- Episode no.: Season 3 Episode 22
- Directed by: Cliff Bole
- Story by: Hilary J. Bader
- Teleplay by: René Echevarria
- Production code: 468
- Original air date: May 8, 1995

Guest appearances
- Marc Alaimo as Dukat; Bari Hochwald as Dr. Lense; Chase Masterson as Leeta;

Episode chronology
| ← Previous "The Die Is Cast" | Next → "Family Business" |
- Star Trek: Deep Space Nine season 3

= Explorers (Star Trek: Deep Space Nine) =

"Explorers" is the 68th episode of the television series Star Trek: Deep Space Nine, the 22nd episode of the third season. It premiered May 8, 1995.

Set in the 24th century, the series follows the adventures of the crew of the space station Deep Space Nine near the planet Bajor, as the Bajorans recover from a decades-long, brutal occupation by the imperialistic Cardassians. In this episode, the human station commander Benjamin Sisko, having taken an interest in Bajoran culture, builds a replica of an ancient Bajoran spacecraft.

The episode achieved a Nielsen rating of 6.7 points when it was first broadcast.

==Plot==
Benjamin Sisko has been studying Bajoran culture, and believes that old legends may hold a grain of truth: ancient Bajorans may have travelled outside their own solar system using solar wind to power small craft—perhaps even reaching as far as the Cardassian homeworld.

Sisko has obtained diagrams of a lightship and decides to build the vessel and retrace the route of the ancient Bajorans.
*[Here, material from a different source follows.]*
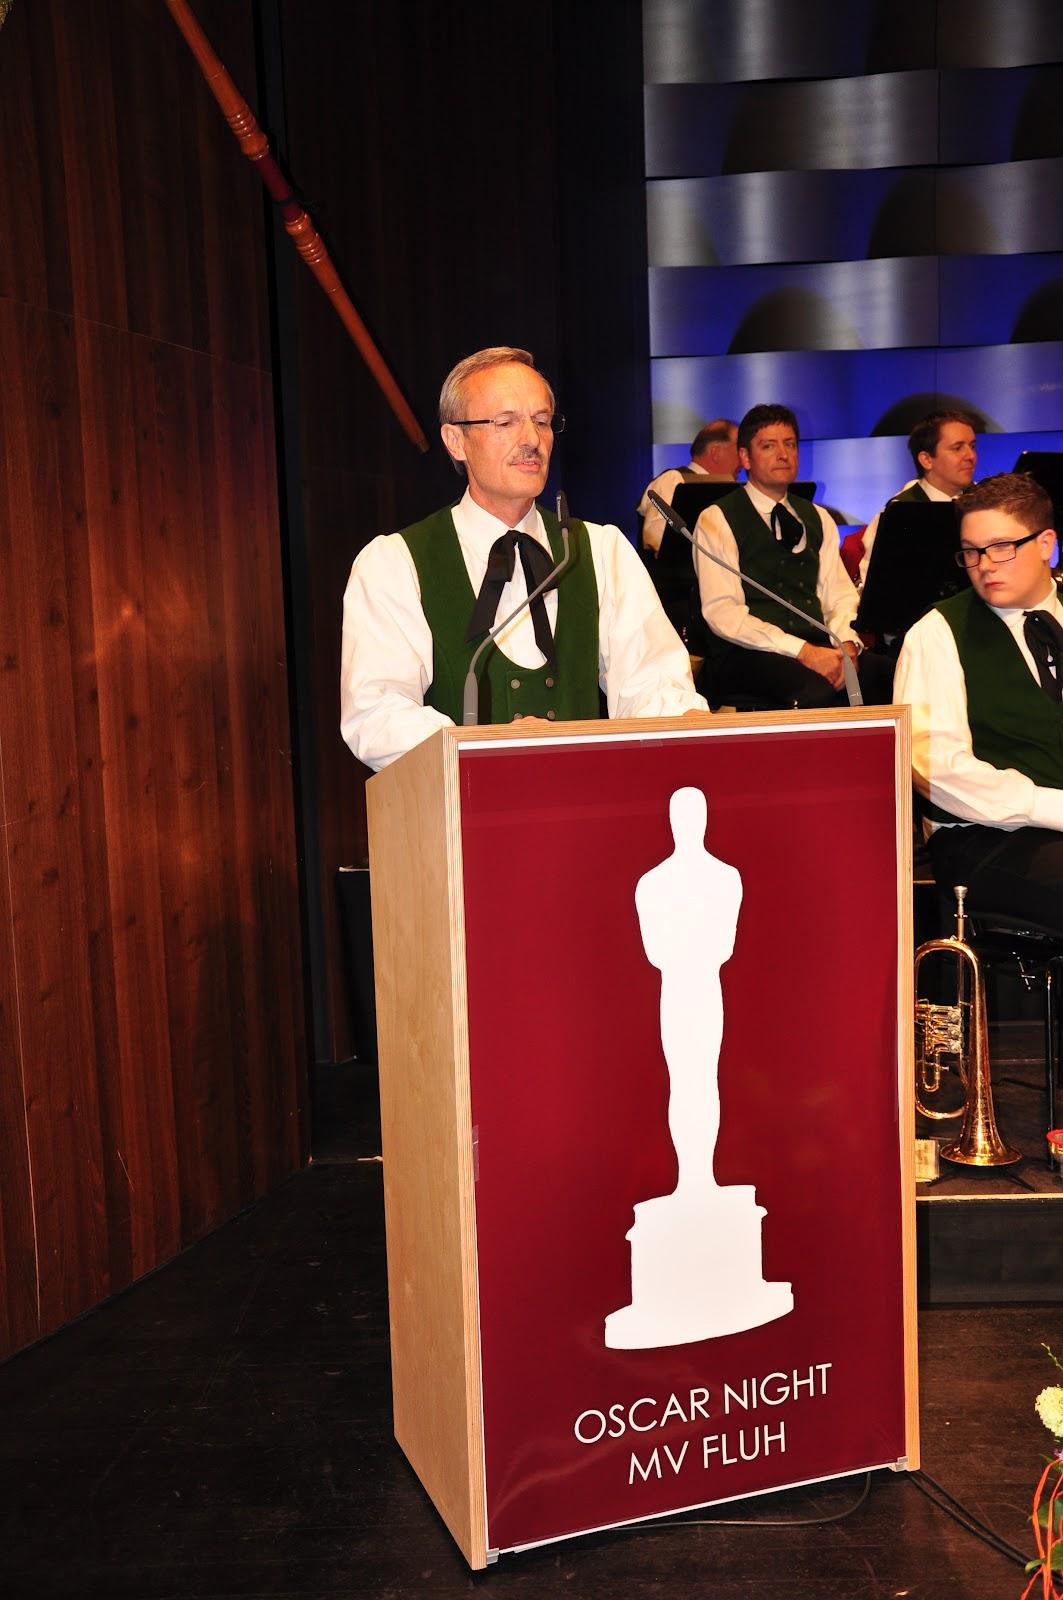 Oscar Night am 25.03.2012
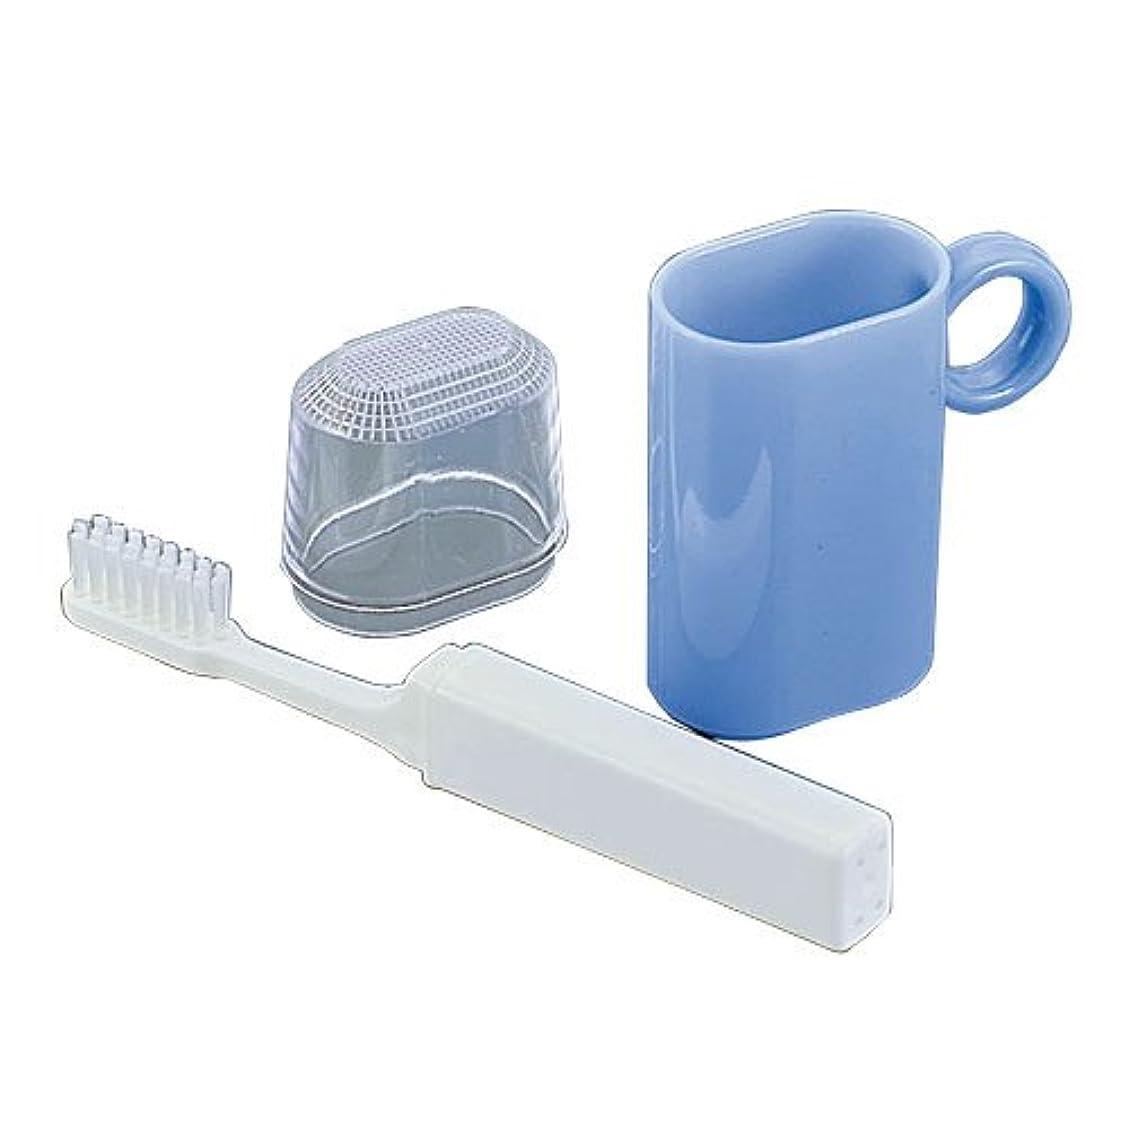 キリン支払う貨物コップ付歯ブラシセット ブルー

A brief conversation with the Cardassian officer Dukat reveals political undertones to the adventure: a success would mean accepting accomplishments of the ancient Bajorans that the Cardassians have dismissed as "fairy tales". Despite initial reluctance, Sisko's son Jake agrees to accompany him on the voyage.

The trip proves an opportunity for the Siskos to talk. Jake reveals that he has been accepted to the Pennington Institute, a prestigious school in Wellington, New Zealand; but he plans to defer his admission so as not to leave his father alone on Deep Space Nine. He also recommends that his father start dating again.

When the ship flies into a "tachyon eddy", it is accelerated to warp speeds, but the sails and navigation instruments are damaged. Sisko attempts to call for help, but they are unable to contact Deep Space Nine. Soon, however, they are hailed by none other than Dukat, who announces that they have reached Cardassian space. Furthermore, Dukat mentions that their arrival coincides with the discovery of the remains of a similar solar vessel wrecked centuries ago on Cardassia, thus proving the ancient Bajorans made the same voyage. Sisko remarks on the coincidence, intimating that the disclosure may have been a last-minute attempt on the part of the Cardassians to save face. As the travellers soak this information in and celebrate, the Cardassians set off fireworks to celebrate the achievement of Sisko and his son.

A subplot involves Dr. Julian Bashir discovering that his old academic rival from medical school is due to visit Deep Space Nine. Competitive and nervous, Bashir is taken aback by her apparently outright ignoring him at Quark's. After an evening getting drunk with Chief O'Brien, Bashir summons his courage and approaches the rival, who reveals that the envied assignment she took, afforded to her by her superior class rank, turned out uninspiring; furthermore, she failed to recognize Bashir due to thinking he was in fact an Andorian. Meanwhile, she has been following Bashir's work with great enthusiasm and they end the episode discussing their medical research in depth.

== Production ==
The Bajoran lightship was designed by Jim Martin working under production designer Herman Zimmerman. The special effect shots were done using computer generated imagery (CGI) produced by Industrial Light & Magic.

==Reception==
The episode has been noted for being optimistic, featuring what one review called "an enthusiasm for space exploration". Screen Rant rated it the 13th most hopeful episode of Star Trek television.

In 2020, Io9 said this was one of the "must watch" episodes from the series remarking that it has "emotional, important father-son time between Sisko and his son".

== Releases ==
This episode was released on October 2, 1998 in Japan as part of the half-season LaserDisc box set 3rd Season Vol. 2.

The episode was released on June 3, 2003 in North America as part of the season 3 DVD box set. The DVD includes the featurette "Sailing Through the Stars: A Special Look at 'Explorers'", which featured discussion with the production designer Herman Zimmerman on the design of the lightship, as well as concept art from the episode. The episode was released again in 2017 with the complete series DVD box set, which again included the "Sailing Through the Stars" featurette.

It was released as on VHS tape by Paramount Home Video (catalog number VHR4145), paired with "The Die is Cast" on the same videocassette.